I remember kneeling in the soft dirt between strawberry rows, a tray of berry baskets beside me. I had been taught how to lay the leaves gently aside in order to expose the fruit as it nestled there in every stage of ripeness. One must never pick the green-and-white berries, not even if they had a blush of deep red. It was tempting to do so, for a five-year old wanted to fill up a basket fast in order to collect a ticket for pay just like the pickers who had come from town.

When my Delaware relatives learned I was moving to Florida, they launched into Florida strawberry stories. One cousin had, as a child, made annual treks to Plant City (berry kingdom of the South) where his father was a distributor.

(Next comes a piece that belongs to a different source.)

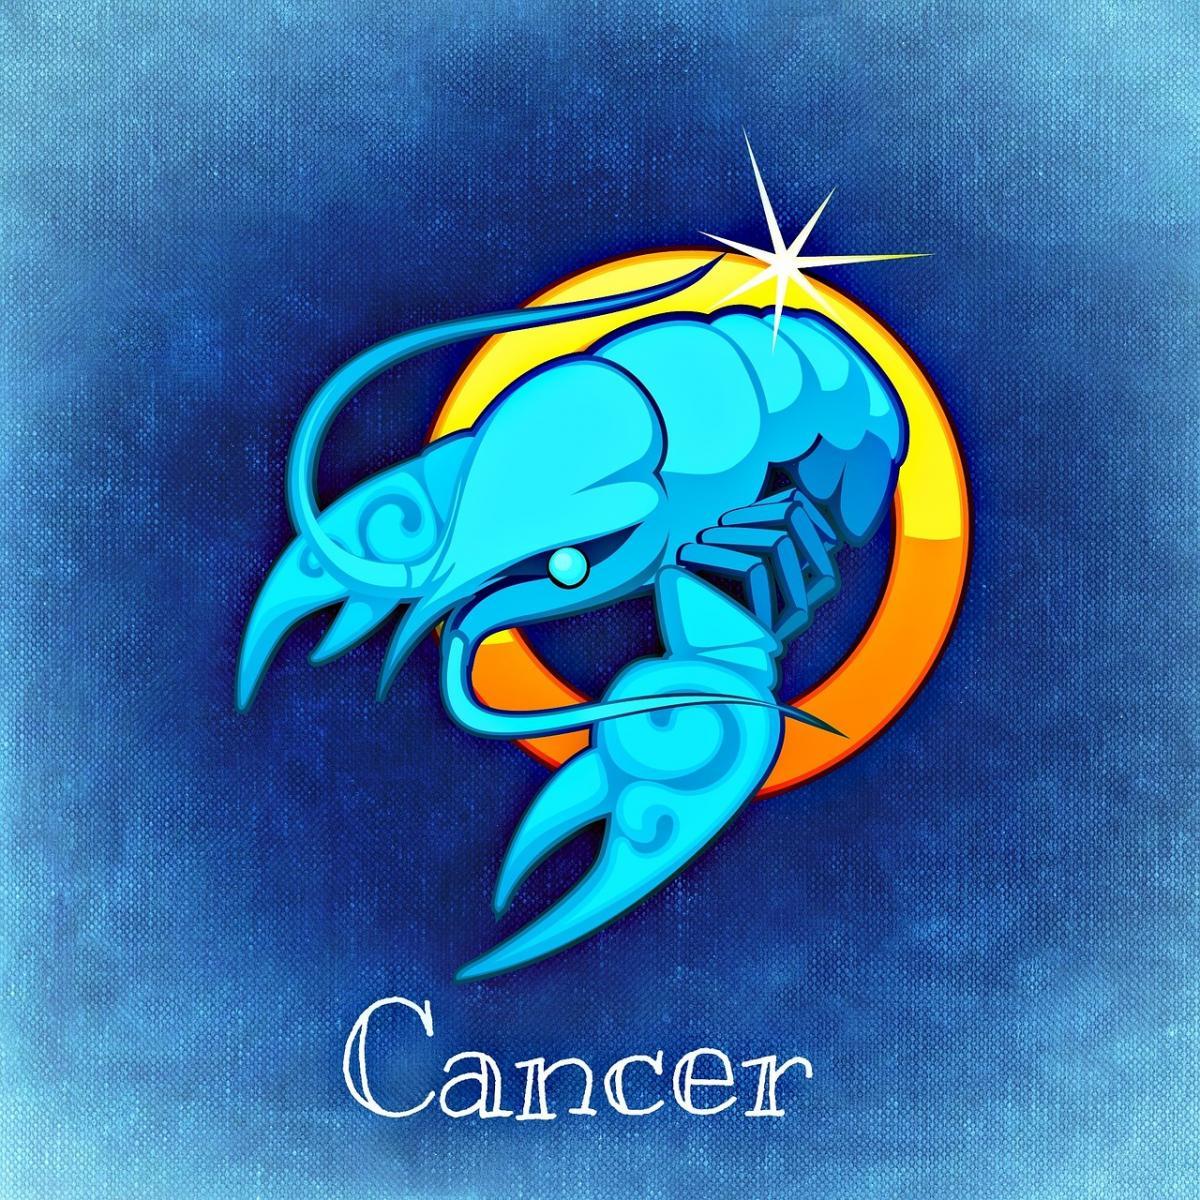 cancer-759378_1280
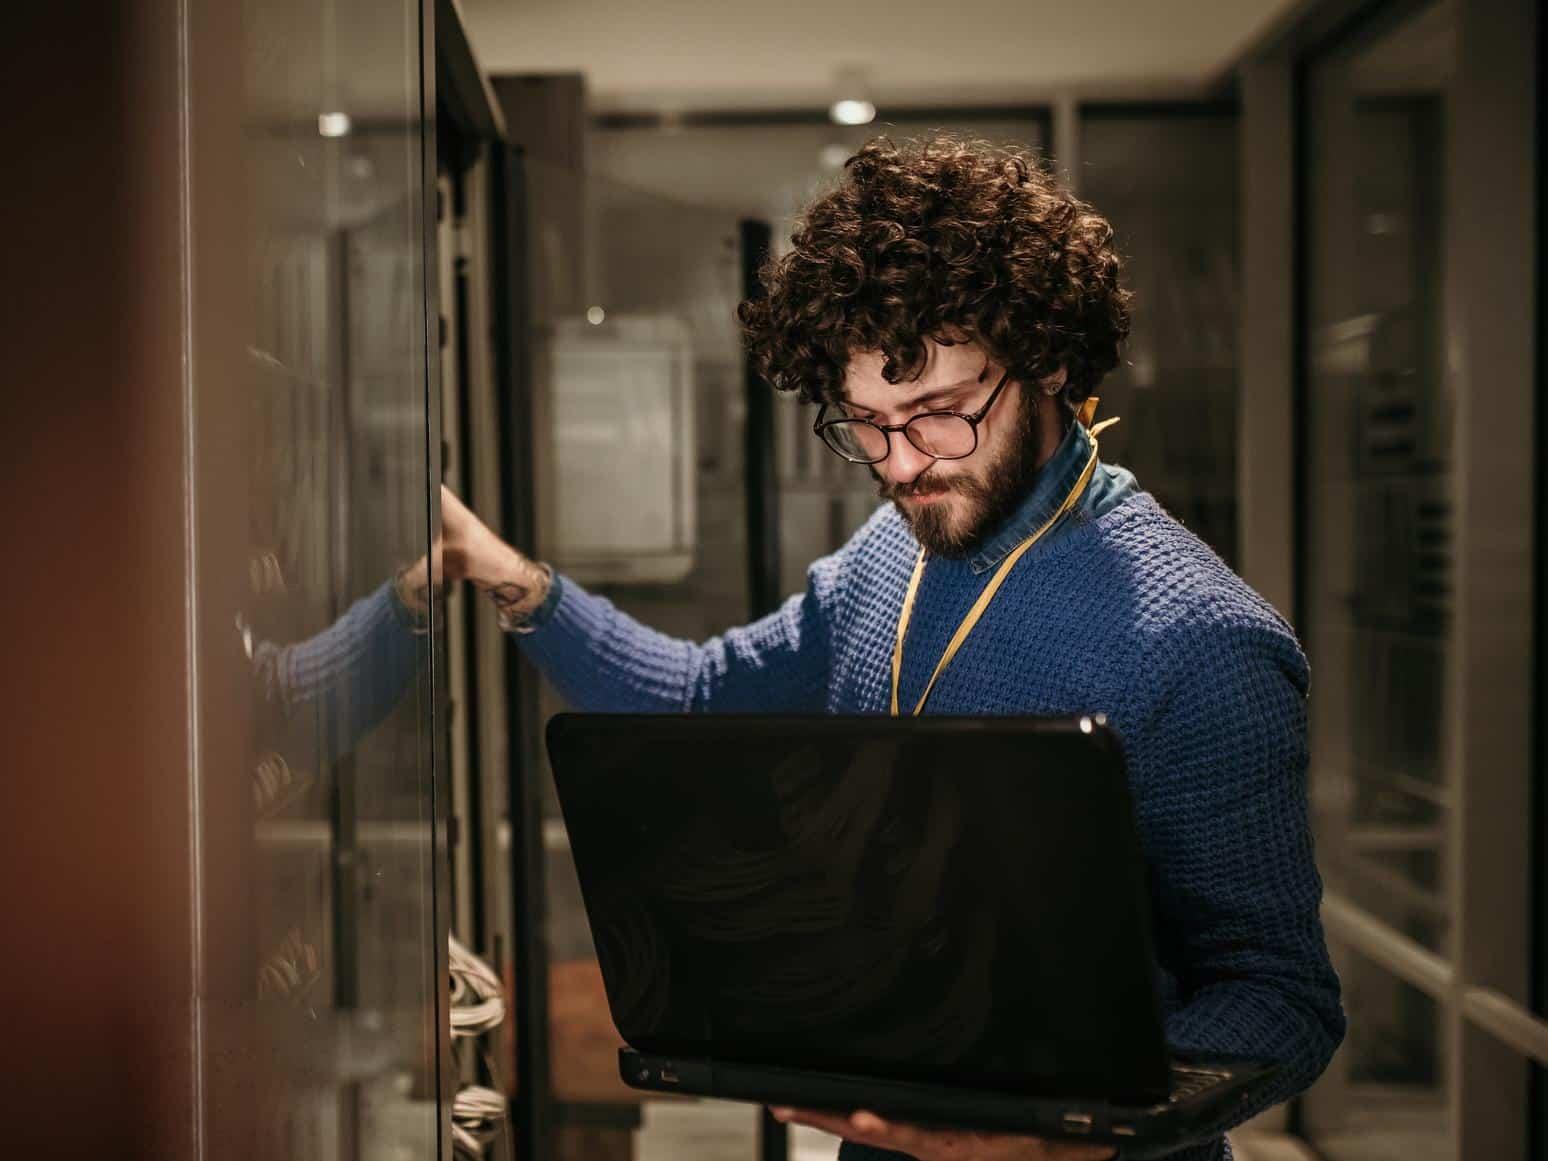 Curso Superior de Administración de redes con CCNA de Cisco

Since those early days in the strawberry patch, my life had been strawberry-poor. The fruit we bought in our upstate New York markets did not even resemble the berries I remembered. Therein, Florida might have redeemed itself.

But one devastating strawberry season followed the next. The berries were often beautiful - enormous and very red; I couldn't wait to sugar down the first basket I bought. But their flavor had been sacrificed to size, and the juicy Blakemore variety we grew on the homeplace soon became the focus of my ever-expanding strawberry mythology. Every year my husband listened to my tirades of loss - his own indignation tempered by lack of comparison.

"The strawberry of a poet's childhood tastes better than just about anything in the world," he observed one evening. In the astuteness of his comment I nearly rested my case.

Although it is true, this inferiority of the present-day strawberry, my passion is aroused not so much by the loss of taste as by the recollection of abundance. The world of those berries has vanished. I know, in my yearly bother at the produce market, that I am actually reciting a litany of riches: a small black cash box chock full of worn claim tickets, the peopled fields, the stain of berry juice on front and behind, and that smell - a faint musk of overripe fruit, with two parents about. It was the world before worry began.